Real estate-related loans of financial institutions at the end of 2013 reached 14.6 trillion yuan (20.3% of the total loan of 71.9 trillion yen). Including loans via shadow banking products such as wealth management products and trust products, the size of funds flowing into the real estate market would be even larger. There has been growing concern that if house prices fall, an enormous volume of non-performing loans will arise from bank loans to the real estate industry. However, as a result of restrictions imposed on housing loans in recent years, such as the hike in the down payment ratio, this concern looks unwarranted, and, although defaults on shadow banking products may increase from now on, the direct impact on banks is expected to be limited.
In addition, revenues from the transfer of land for local governments amounted to 4.1 trillion yuan in 2013. When real estate-related tax revenues amounting to approximately two trillion yuan are also taken into consideration, it is estimated that about one-third of fiscal revenues in China rely on land. If real estate prices collapse, government revenues could drop sharply. As a result, public spending, particularly on infrastructure, will be reduced.
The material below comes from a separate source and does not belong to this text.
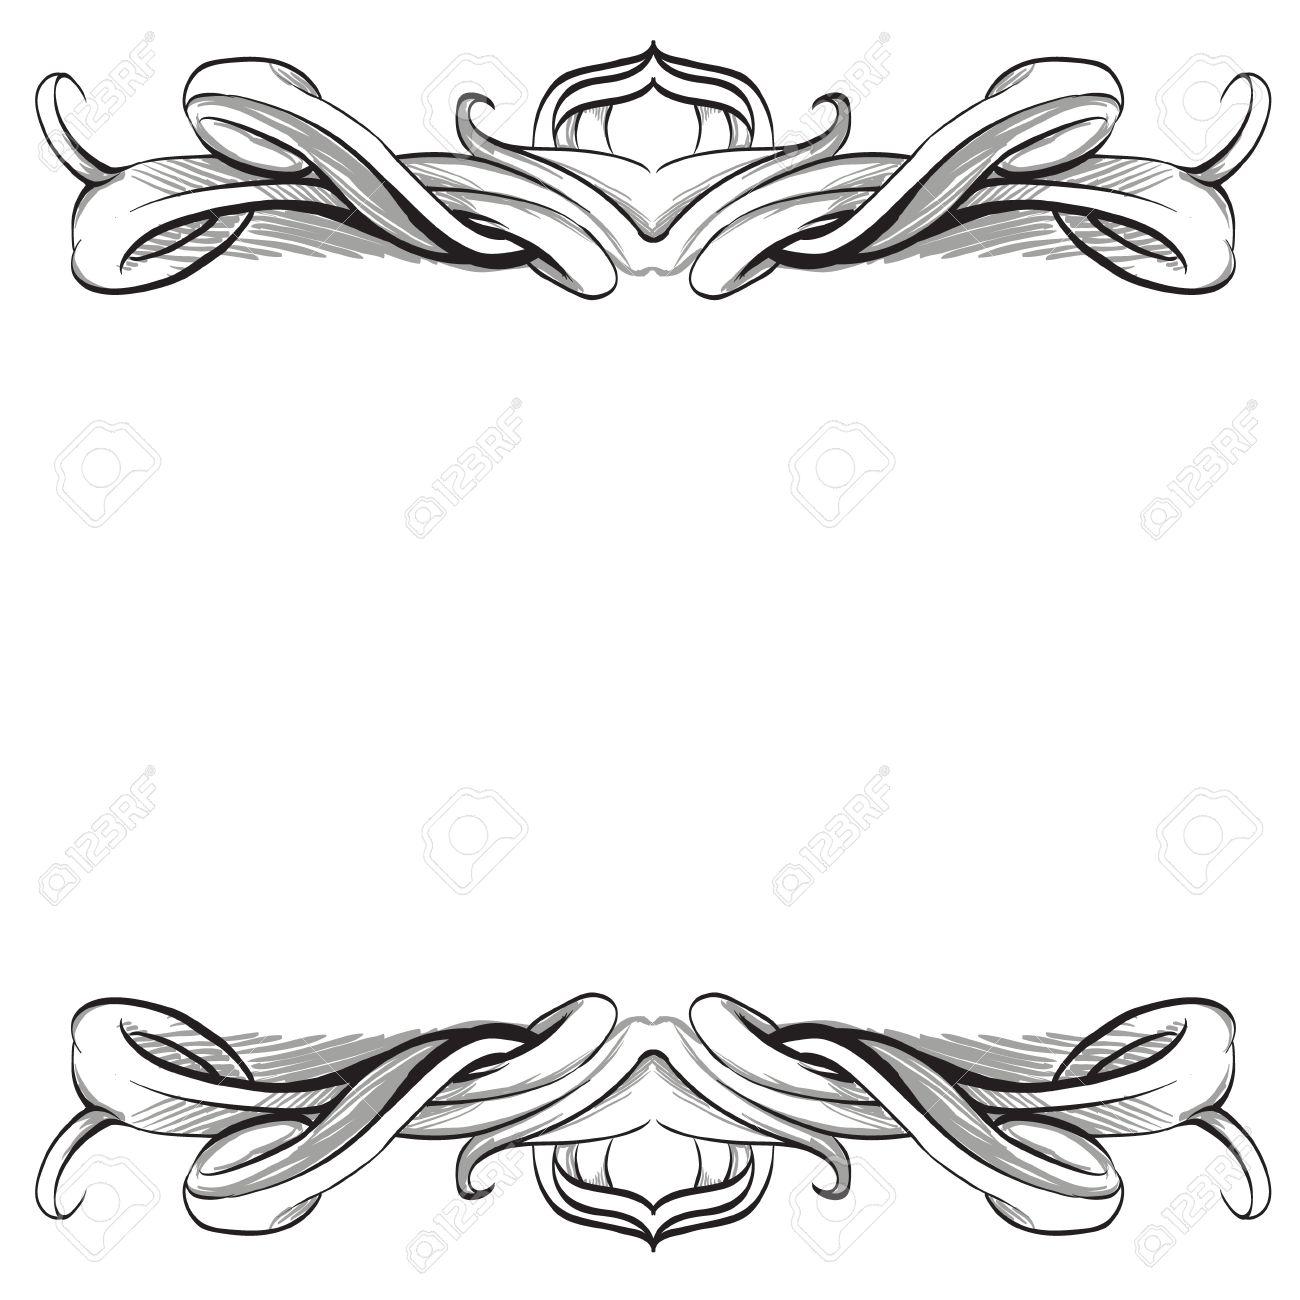 Blackbordercalligraphycertificateclassicalcoverdecoration blackbordercalligraphycertificateclassicalcoverdecorationdecorativedesigndividereleganceelegantelementexquisitefiligreefloralflourish stopboris Choice Image

There are fears that if the housing bubble bursts, China will follow the same fate as Japan, which suffered the "two lost decades" from the 1990s. However, unlike Japan, which was already a mature, advanced economy at the time when the bubble burst, China, which is still a developing county, should be able to achieve economic growth of 6%-7% if it makes use of its latecomer advantage. The expected advance of urbanization in particular will be a driving force to support real estate investment as well as economic growth. As such, although an economic slowdown will be unavoidable in the short term if the housing bubble bursts, the Chinese economy should be able to avoid a long-term slump.
The original text in Japanese was posted on June 4, 2014. Data have been updated to reflect the latest information.